*WHAT IS NEEDED*. Output begins at the line with "10公斤智能滚筒洗衣机 TG100V120WDG" and ends at the last line of the records below. Copy each line in that span exactly, and leave out pictures.
_ _ _
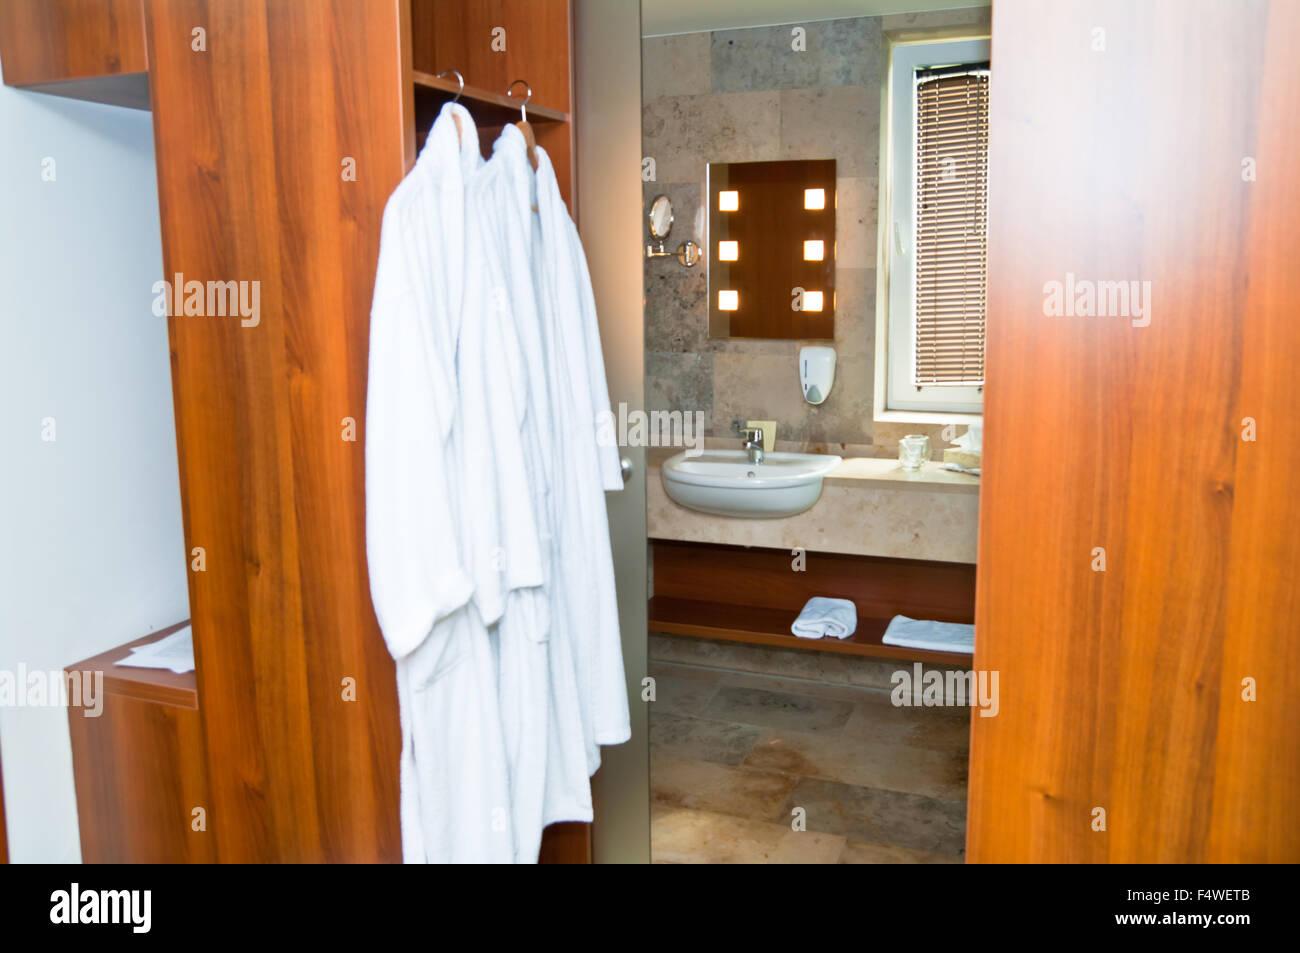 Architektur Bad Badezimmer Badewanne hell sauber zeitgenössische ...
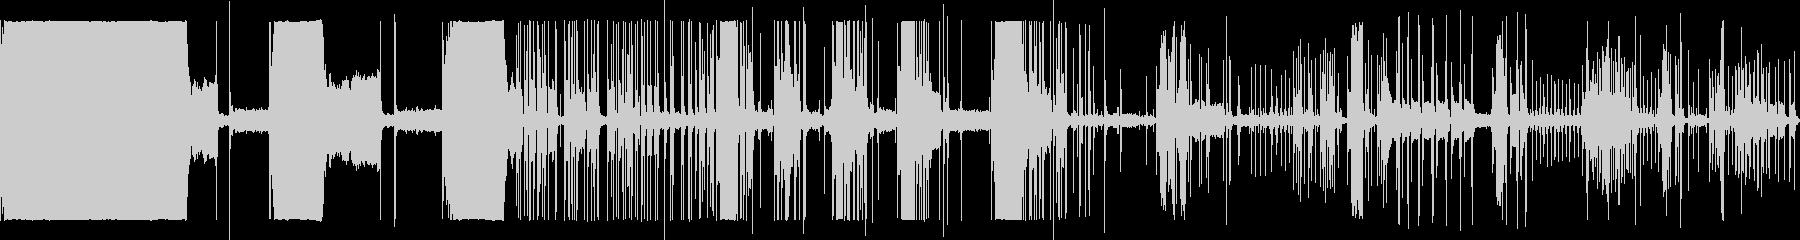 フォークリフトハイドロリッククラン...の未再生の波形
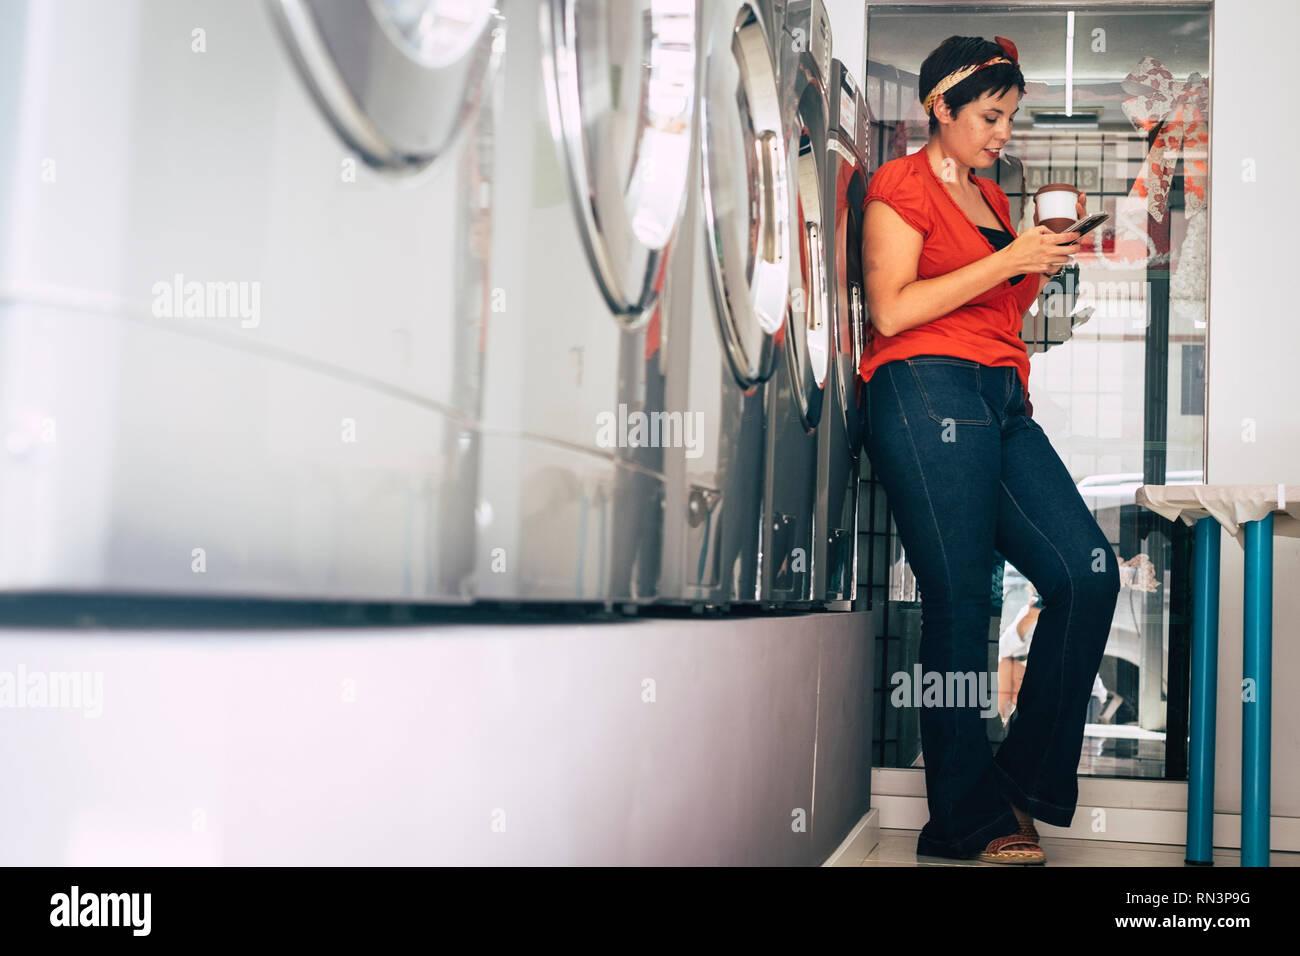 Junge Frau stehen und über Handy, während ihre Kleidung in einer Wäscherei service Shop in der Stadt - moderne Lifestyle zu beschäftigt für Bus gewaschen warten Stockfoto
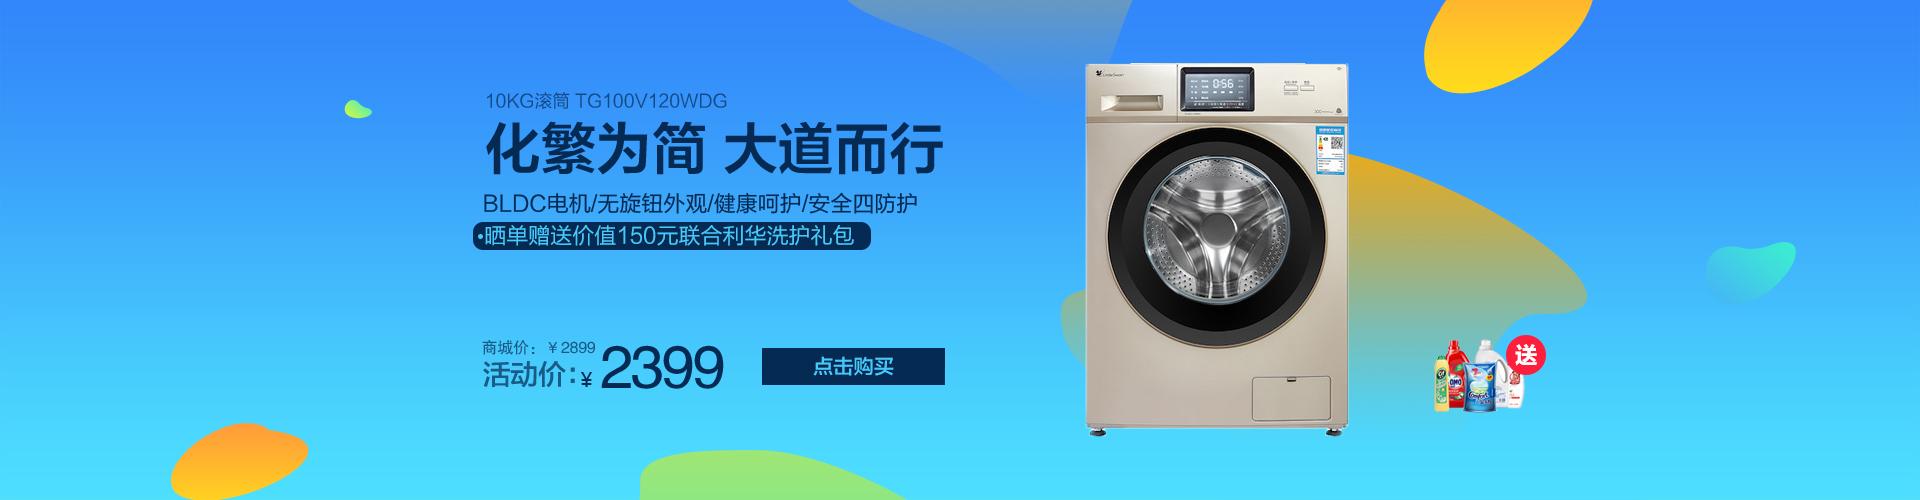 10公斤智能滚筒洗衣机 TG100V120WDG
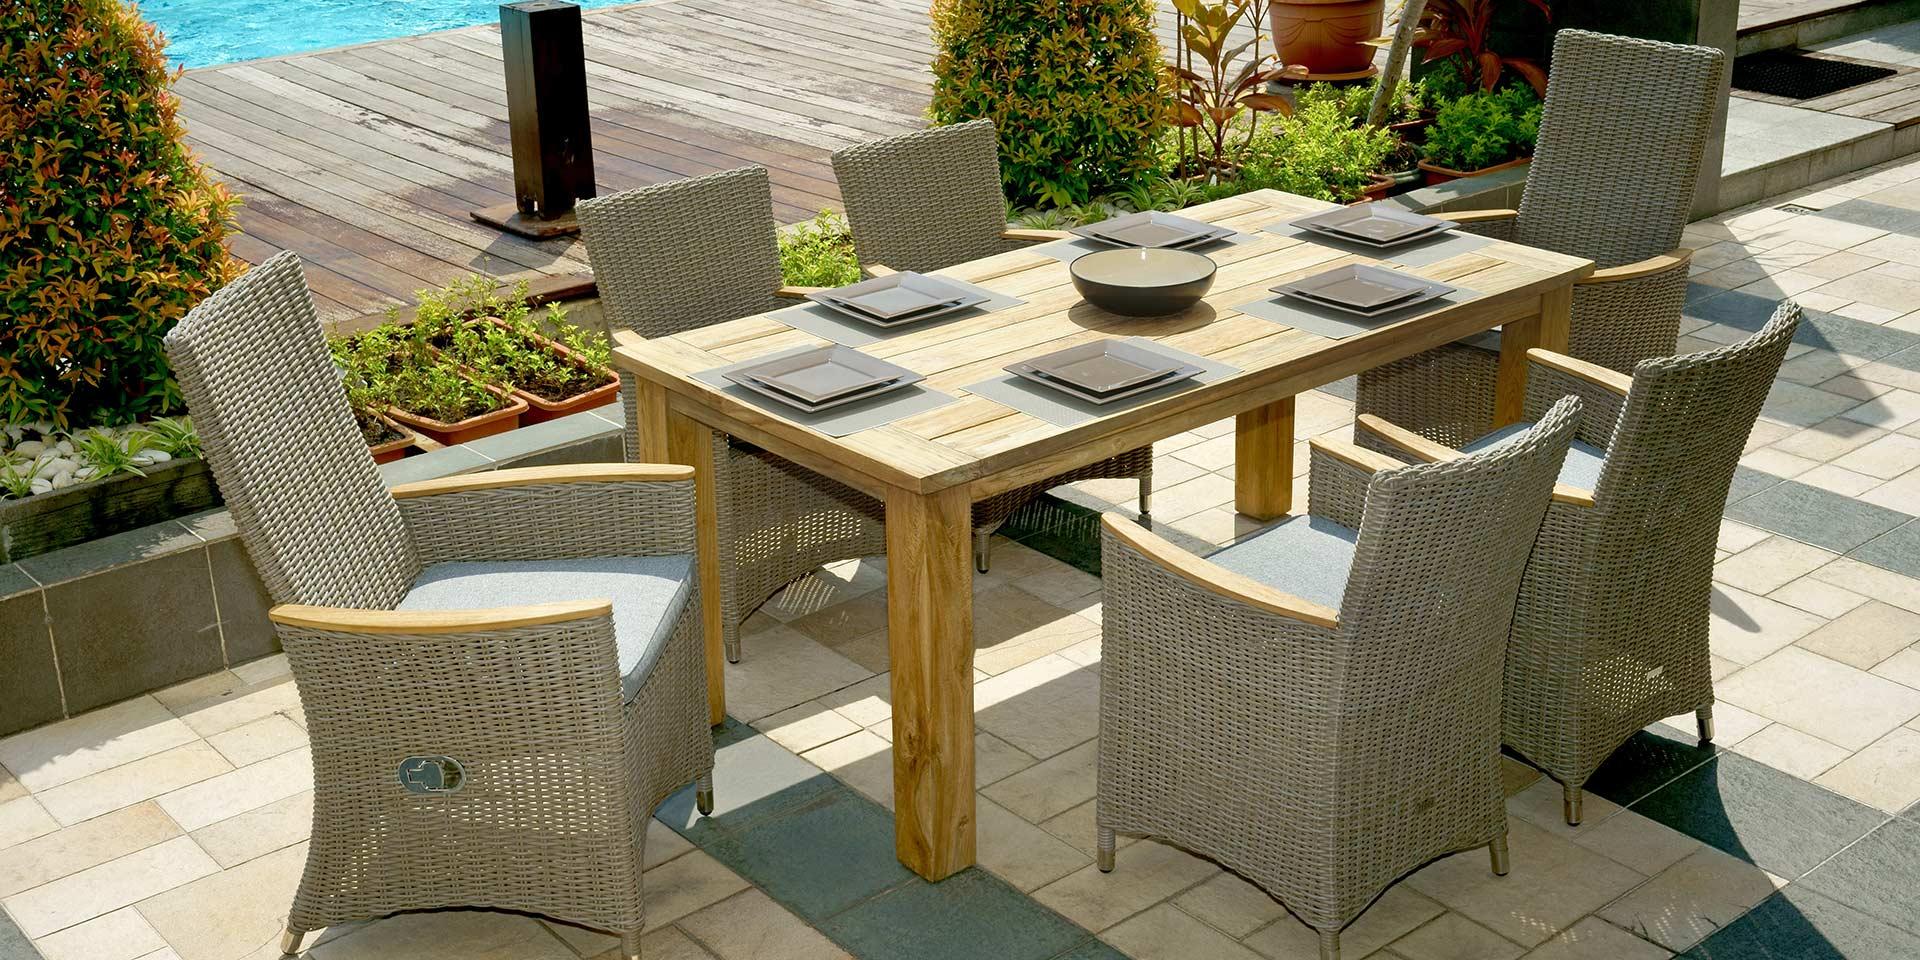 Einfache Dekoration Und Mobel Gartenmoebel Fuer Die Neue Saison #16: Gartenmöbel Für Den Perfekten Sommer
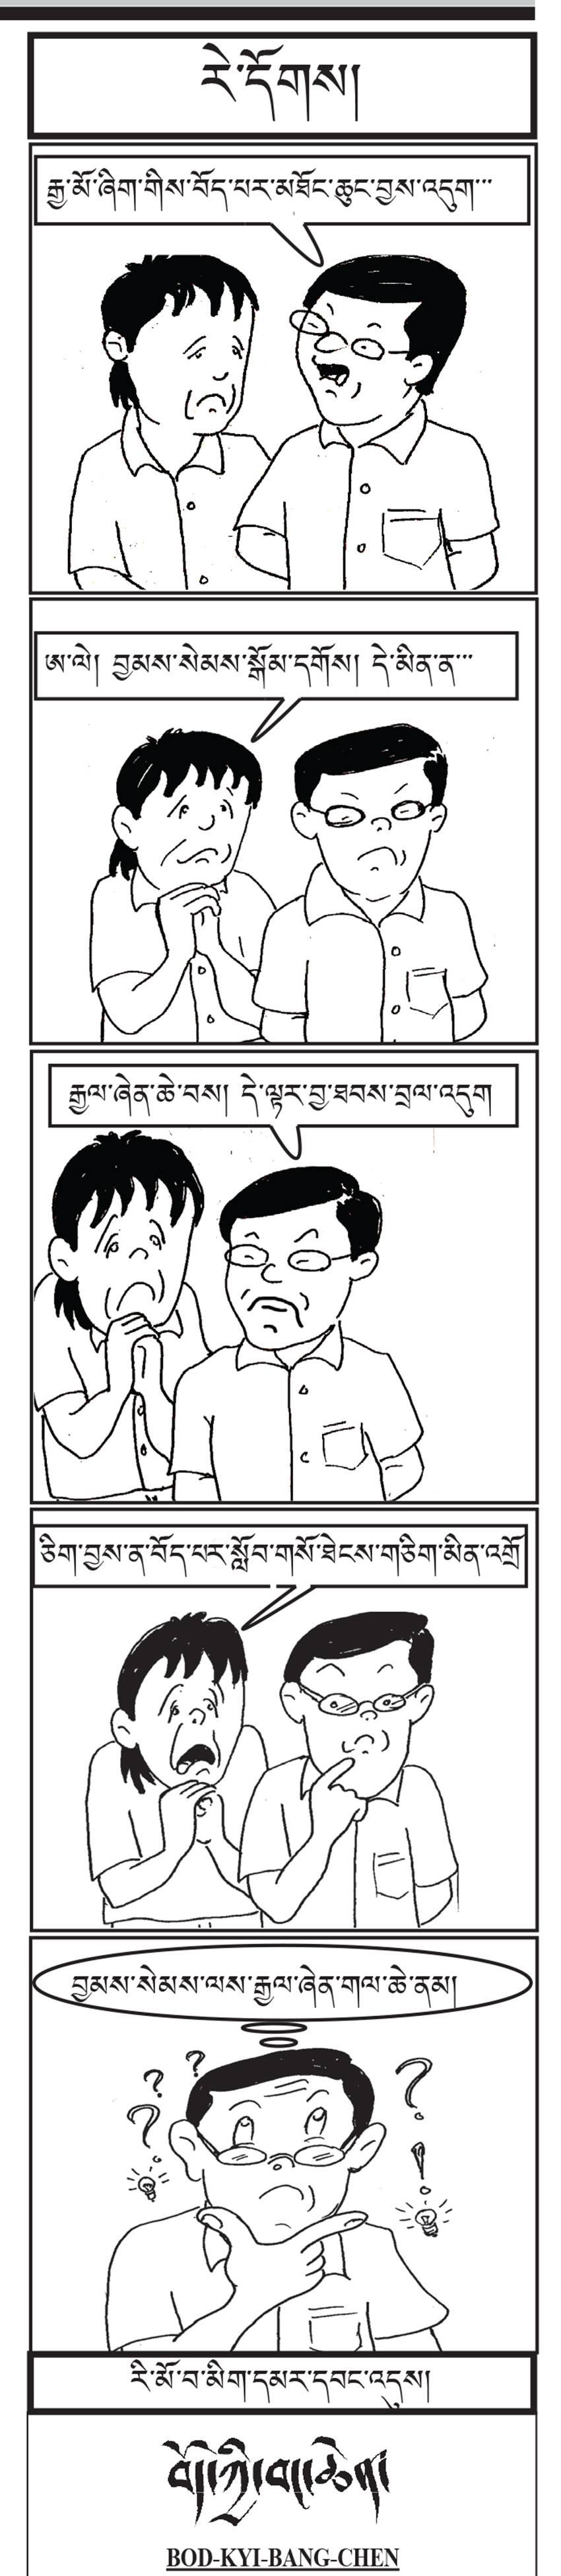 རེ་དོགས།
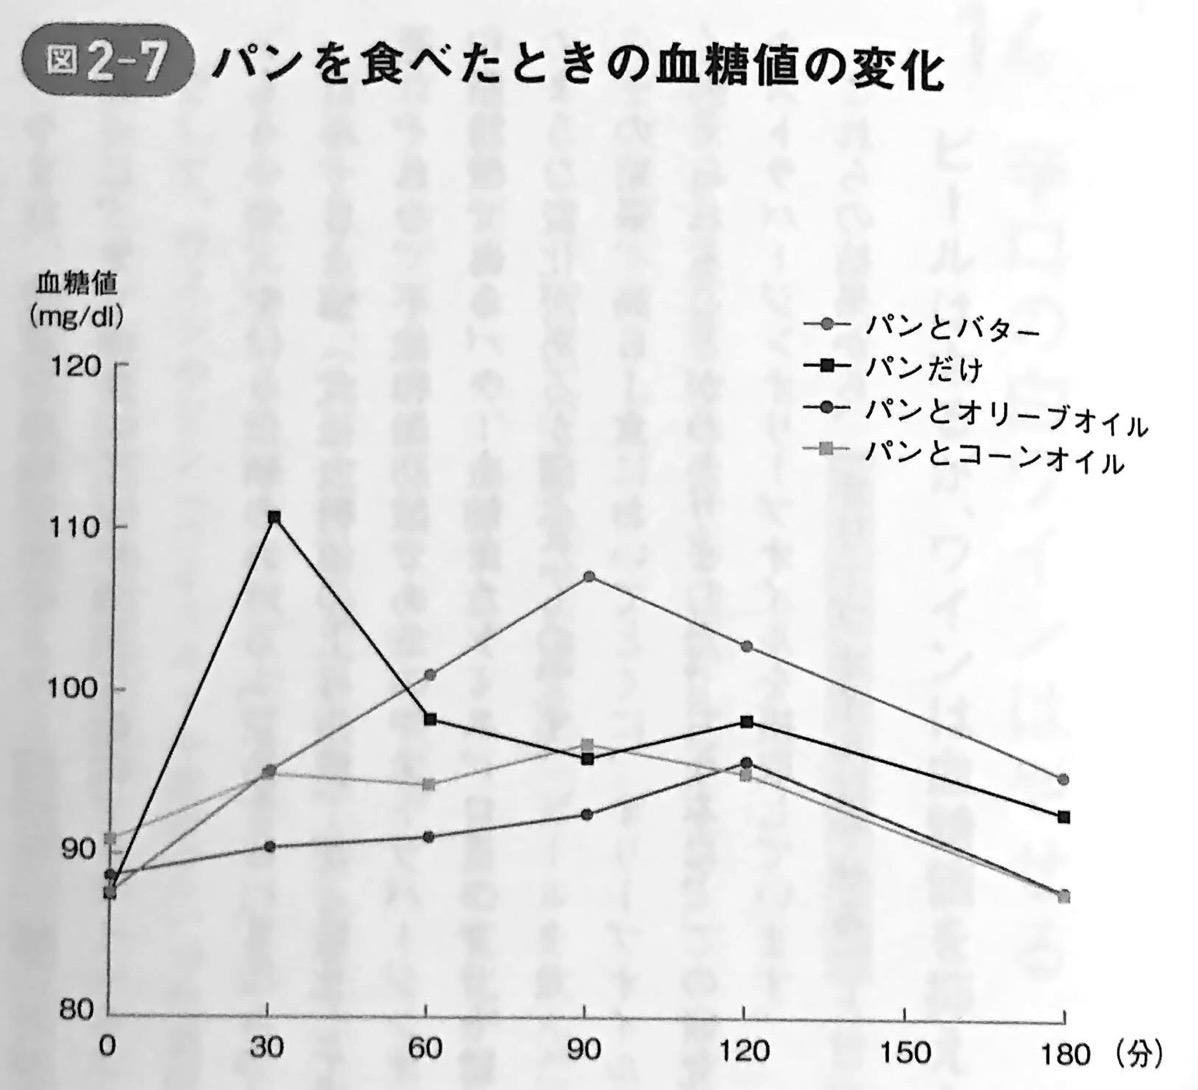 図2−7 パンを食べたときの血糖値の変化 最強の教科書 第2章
_ _ _
*COMPLETED TASK*.
 10公斤智能滚筒洗衣机 TG100V120WDG
 Einfache Dekoration Und Mobel Gartenmoebel Fuer Die Neue Saison #16: Gartenmöbel Für Den Perfekten Sommer
 རེ་དོགས།
 図2−7 パンを食べたときの血糖値の変化 最強の教科書 第2章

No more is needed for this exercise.